Dr. Hampikian’s argument is flawed for several reasons, but I will address two of the more important ones.

First is the lack of logic in the whole thing. If what Dr. Hampikian argues is true – that men contribute nothing unique or valuable to the human race – then wouldn’t his very article be dismissed as irrelevant and unnecessary? After all, he is a man and had his opinion published, implying that there is something unique and valuable that he has contributed to society. Therefore, his argument is self-defeating.

Second, and most important, is Dr. Hampikian’s glossing over of the three-plus decades of social science research that have all but proven that fathers play a unique and irreplaceable role in their children’s lives. He cherry picks research from Sarah McLanahan, which, when inspected closely, is not as cut and dried as Dr. Hampikian wants you to believe. Dr. McLanahan’s research was on low-income, high-risk families – referred to as “fragile families” – so, of course, poverty was a primary concern for these families. But in her large body of research over many years, McLanahan explores, in depth, the contributions of fathers beyond another paycheck.

Furthermore, there is an enormous body of academic research out there, readily accessible by someone like Dr. Hampikian, that shows that across every measure of child well-being, independent of family income, fathers contribute something important. We cite a small sample of that research here.

The most troubling part in all of this is where this sort of logic can lead us – ideas have consequences. Could we not argue, using Dr. Hampikian’s scary and flawed cost-benefit analysis model, that there are “unnecessary” races or groups on the planet that could be eliminated? Isn’t that the calculus the Nazis used to justify the elimination of the handicapped? As a black man, this sort of thinking sounds all too eerily familiar.

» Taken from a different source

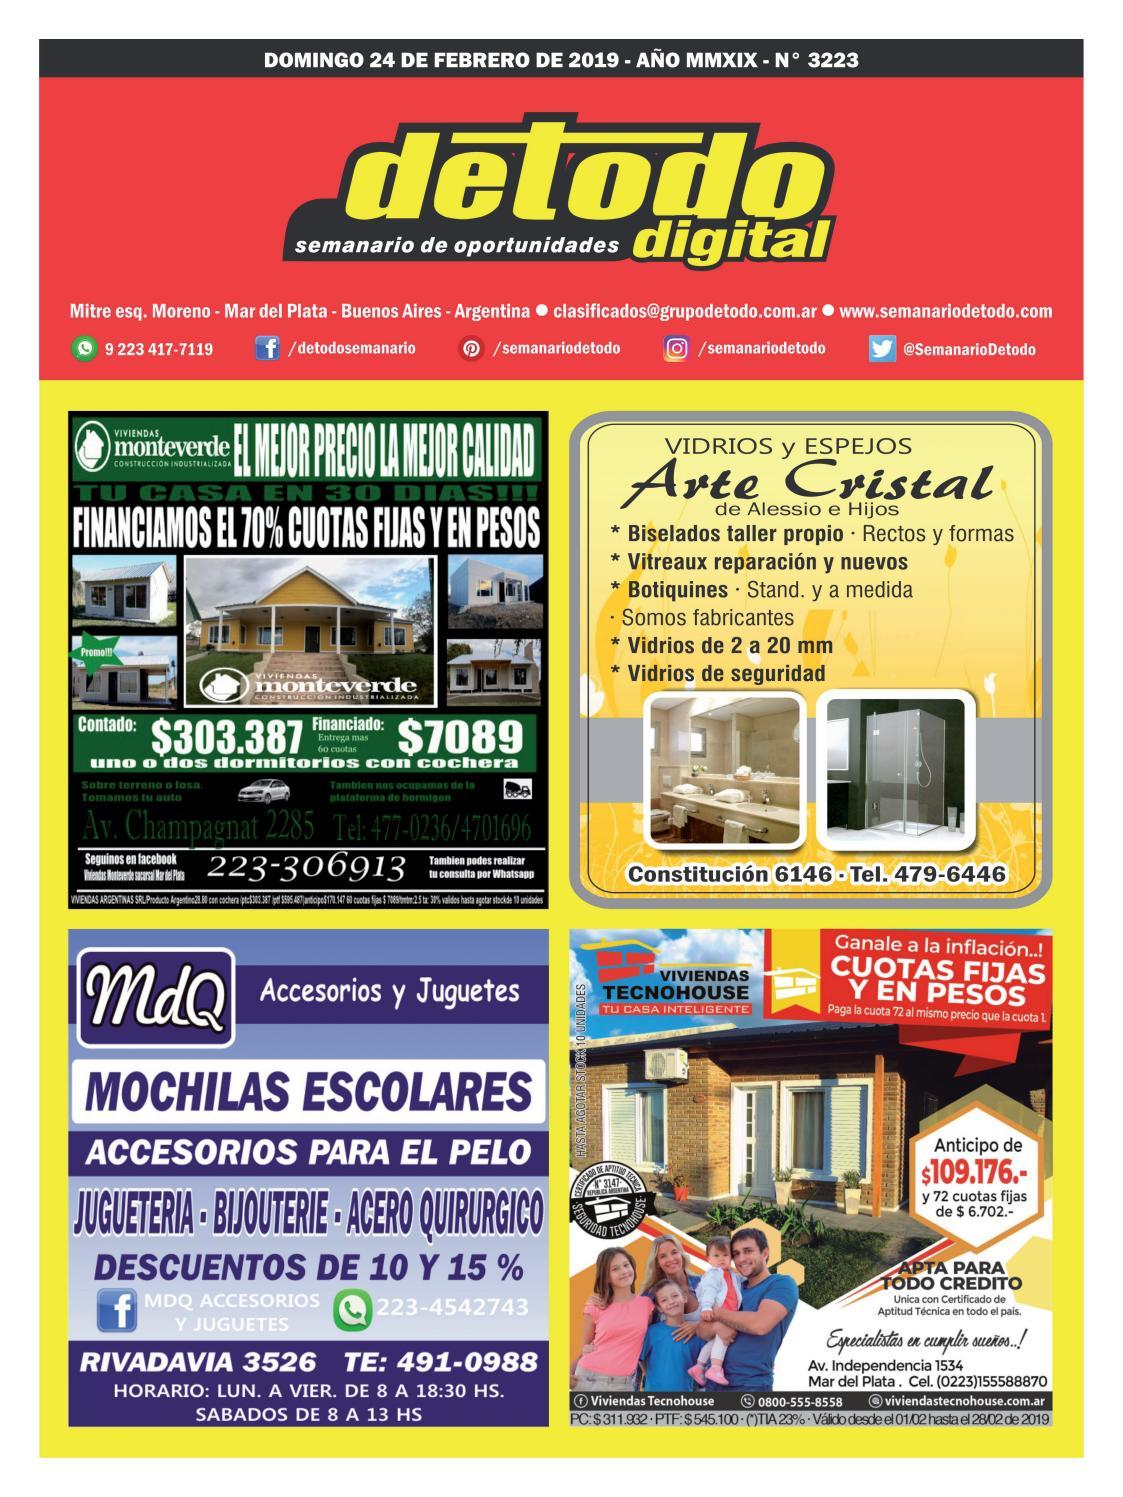 7e23074a3 Semanario Detodo - Edición N° 3223 - 24/02/2019 by Semanario Detodo - issuu

Or can we afford, in a world where hundreds of millions of children are growing up in father-absent homes, to give men yet another reason to check out of their responsibilities as dads, even if those responsibilities are only financial? Take the black community. In too many of our neighborhoods, astronomical rates of father absence – over 80% in the worst cases – are making life very challenging for too many children. They are more likely to be poor, use drugs, fail in school, be abused, and face a whole host of other risks. If Dr. Hampikian takes a closer look at those neighborhoods, I am certain his vision of a men-free, and consequently father-free utopia, would take a big hit.

Since the chances of us ever seeing a women-only world are extremely low, the important question is not “are men necessary?” but “what does society require of the men who inevitably will exist?” It is a binary choice – we either encourage and inspire them to take seriously their responsibilities to society and to their families, or we expect nothing of them because they are essentially useless. I would not want to live in a world in which we decide the latter.

But, then again, if Dr. Hampikian had his way, I won’t have to.